The compositions on both sides of the catch plate are near identical to the fibula from Athens (inv. 8199). The rendition of the ship is also very similar except for a few details. The most notable one is the treatment of the stern, which here tapers gradually upwards, whereas on the Athens example it rises much more abruptly. Other minor differences include the shape of the quarter rudder, the shape of the tips of the horn devices, and slight variation in the aftercastle.

Basch, L. 1987. Le musée imaginaire de la marine antique. Athens: Institut Hellénique pour la preservation de la tradition nautique.

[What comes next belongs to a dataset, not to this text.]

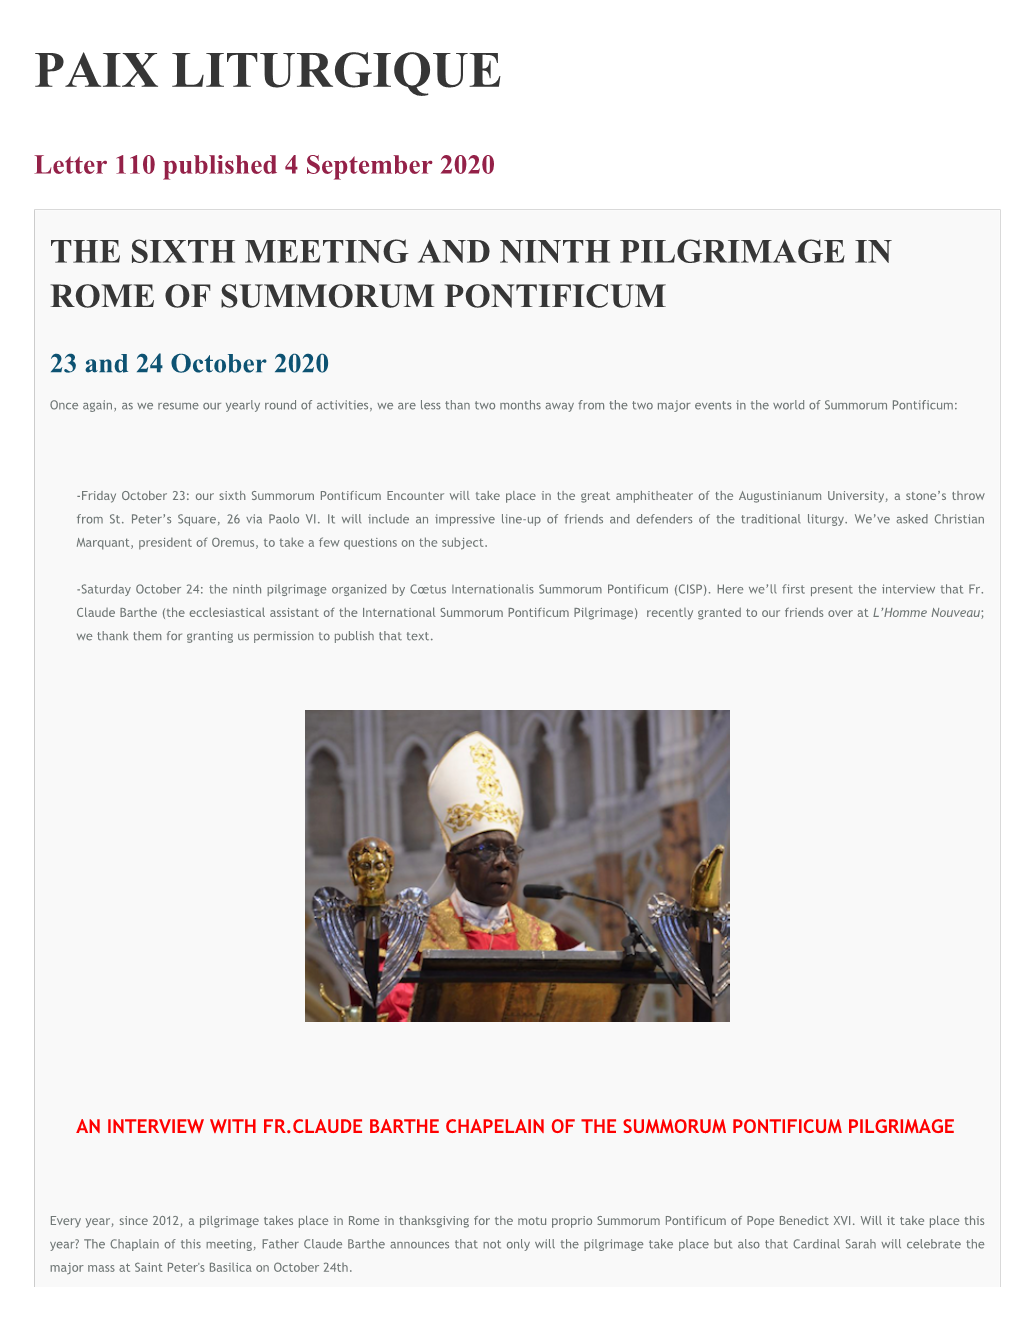 PAIX LITURGIQUE Letter 110 Published 4 September 2020 the SIXTH MEETING AND

Hampe, R. 1936. Frühe griechische Sagenbilder in Böotien, Ate¬ne : Deutsches archäologisches institute.

Morrison, J.S. and R.T. Williams. 1968. Greek Oared Ships: 900-322 B.C. Cambridge: Cambridge University Press.

Walters, H.B. 1899. Catalogue of the Bronzes, Greek, Roman, and Etruscan, in the Department of Greek and Roman Antiquities, British Museum. London: Printed by order of the Trustees of the British Museum.